1. The user queries the annotation file with an arbitrary OpenSearch query in order to select a
subset of rows (i.e. variant records) from the annotation file. For example, a user might
provide the query: "exonic (gnomad.genomes.af:<0.1 || gnomad.exomes.af:<0.1)" which means
"return all exonic variants where the allele frequency in gnomad.genomes or gnomad.exomes is
less than 10%".
2. The annotation interface returns a list of variant / sample pairs, i.e. for every valid variant
and every sample containing that variant, we return a record of the form: `(sample_id, chrom,
pos, ref, alt, gene_name, dosage)`. This functionality is provided through the method
`get_annotation_result_from_query`.
3. The annotation query results are then joined to a given proteomics dataset on `sample_id` and
`gene_name`. That is to say, the result will be a Pandas dataframe with the columns:
`(sample_id, chrom, pos, ref, alt, gene_name, dosage, protein_abundance)`, where
`protein_abundance` is the abundance of protein `gene_name` for sample `sample_id`. This
functionality is provided through the method `join_annotation_result_to_proteomics_dataset`.

Notes:
1. In general, a given subject's `sample_id` in the genomic annotation file may not be identical to
its `sample_id` in the proteomic dataset. Instead, a subject may globally identified through a
`tracking_id`. In that case, the user may provide two mappings:
`get_tracking_id_from_genomic_sample_id` and `get_tracking_id_from_proteomic_sample_id`, and
these helper functions will be used to canonicalize the `sample_ids` before joining the two
datasets.

2. We assume (in accordance with the datasets we have seen so far) that Fragpipe will map peptide
Uniprot IDs to HUGO gene name symbols, so that annotation gene names can be identified with
proteomics gene names in that namespace, but this may not always be the case. Functionality to
map from Uniprot IDs to HUGO symbols and vice versa is described below.

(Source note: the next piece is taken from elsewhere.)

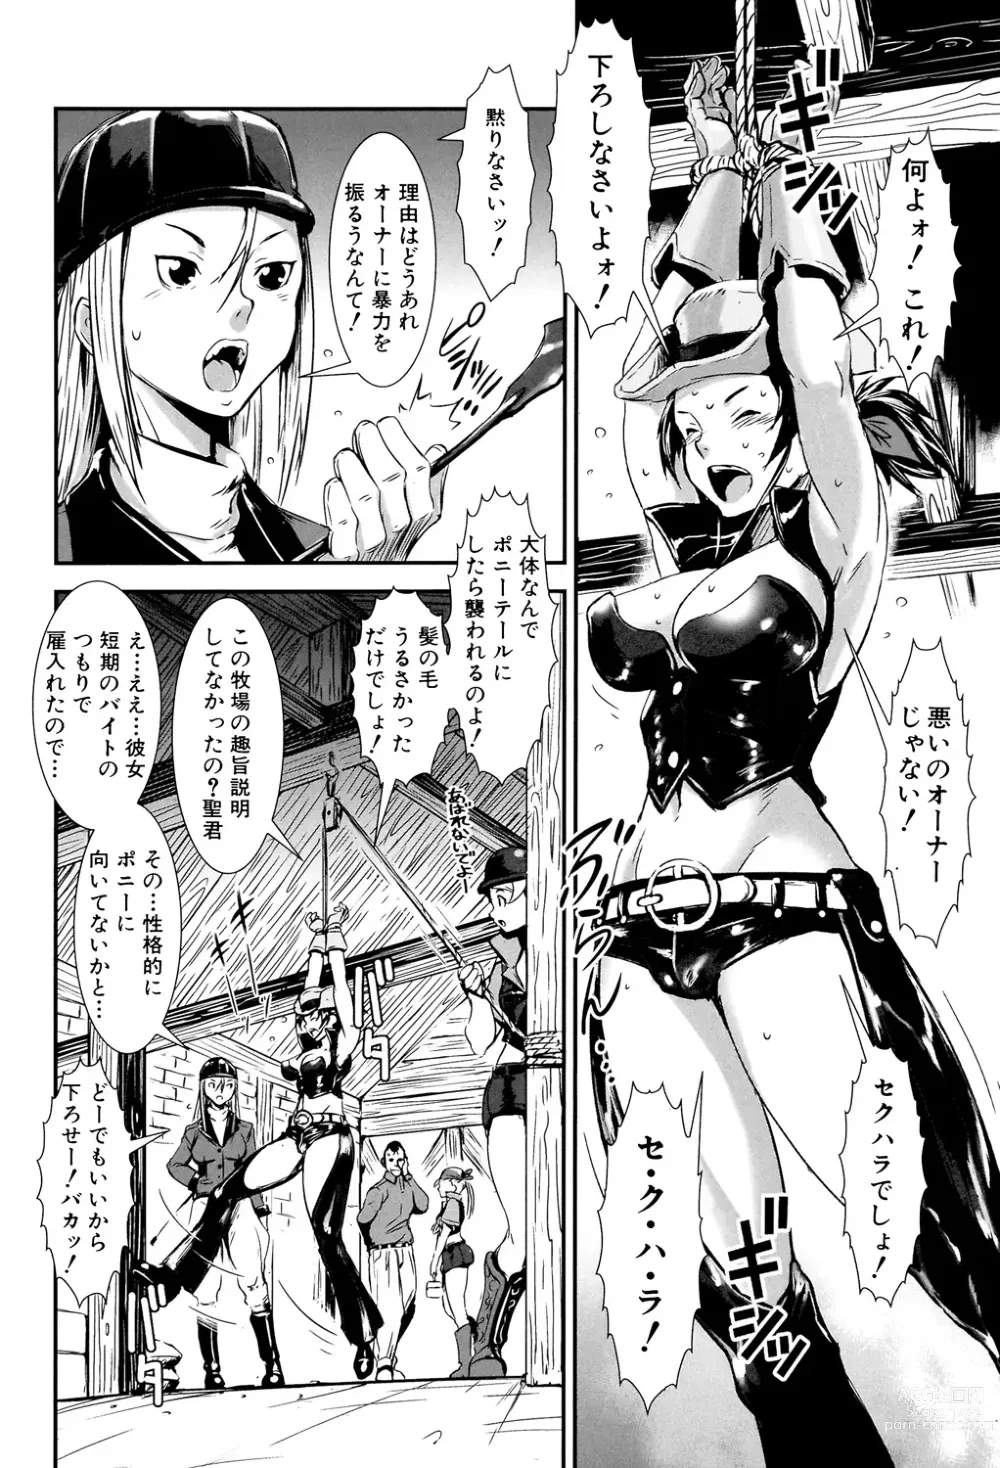 Page 10 of manga MAS HOLic

## Uniprot / HUGO symbol mapping
An additional module, `uniprot_id_gene_name_mapping.py`, is provided to convert Uniprot IDs to
gene names and vice versa. This module provides two public methods,
`get_gene_names_from_uniprot_id` and `get_uniprot_ids_from_gene_name`. (NB: this mapping is in
general many to many, hence each returns a list of cognates in the other namespace.) These
mappings are populated by a data download from Uniprot, which can be run by the script
`scripts/get_uniprot_id_gene_name_mapping.py`. Currently, this script only queries the human
proteome, but can be trivially amended to include all model organisms supported in
`bystro/config/*.mapping.yml`, or indeed all of Uniprot.